I believe this is a slightly controversial topic, at least from what I have gathered so far. Some say its best to leave the server on to spare the life time of the spinning rust. Other seem to prefer to save power and boot the server off each night. So wanted to chip in and hear what folks here do and why do what you do.
Bonus question; Do you guys have a UPS? Is it a must have for a homelab, or does it just depend on the usecase?
On/off:
I have 5 main chassis excluding desktops. Prod cluster is all flash, standalone host has one flash array, one spinning rust array, NAS is all spinning rust. I have a big enough server disk array that spinning it up is actually a power sink and the Dell firmware takes a looong time to get all the drives up on reboot.
TLDR: Not off as a matter of day/night, off as a matter of summer/winter for heat.
Winter: all on
Summer:
VMs are a different story. Normally I just turn them on and off as needed regardless of season, though I will typically turn off more of my “optional” VMs to reduce summer workload in addition to powering off the one server. Rough goal is to reduce thermal load as to not kill my AC as quickly which is probably running above its duty cycle to keep up. Physical wise, these servers are virtualized so this on/off load doesn’t cycle the array.
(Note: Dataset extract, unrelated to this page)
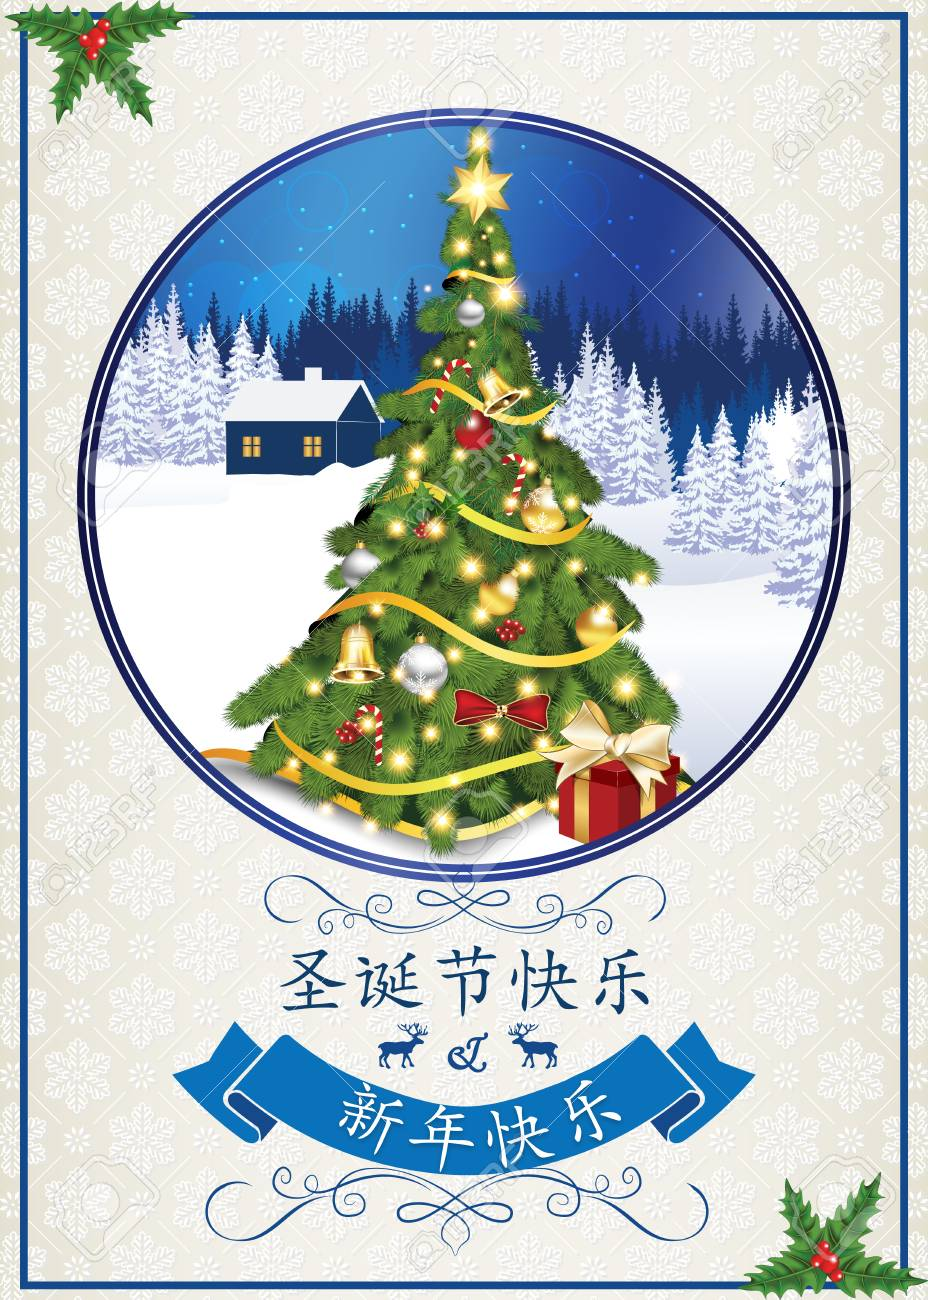 Elegante Chinesische Grußkarte Für Wintersaison. Chinesischer Text ...

Because all four of my main servers are the same hypervisor (for now, VMware ESXi), VMs can move among the prod cluster to balance load autonomously, and I can move VMs on or off the standalone host by drag-and-drop. When the standalone host is off, I usually move turn it’s VMs off and move them onto the prod cluster so I don’t get daily “backup failure” emails from the NAS.
UPS: Power in my area is pretty stable, but has a few phase hiccups in the summer. (I know it’s a phase hiccup because I mapped out which wall plus are on which phase, confirmed with a multimeter than I’m on two legs of a 3-phase grid hand-off, and watched which devices blip off during an event) For something like a light that will just flicker or a laptop/phone charger that has a high capacitance, such blips are a non issue. Smaller ones can even be eaten by the massive power supplies my Dell servers have. But, my Cisco switches are a bit sensitive to it and tend to sing me the song of their people when the power flickers - aka fan speed 100% boot up whining. Larger blips will also boop the Dell servers, but I don’t usually see breaks more than 3-5m.
Current UPS setup is:
With all that setup, the gauges in the front of the 3 UPSes all show roughly 15-20m run time in summer, and 20-25m in winter. I know one may be lower than displayed because it’s battery is older, but even if it fails and dumps it’s redundant load onto the main newer UPS I’ll still have 7-10m of battery at worst case and that’s all I really need to weather most power related issues at my location.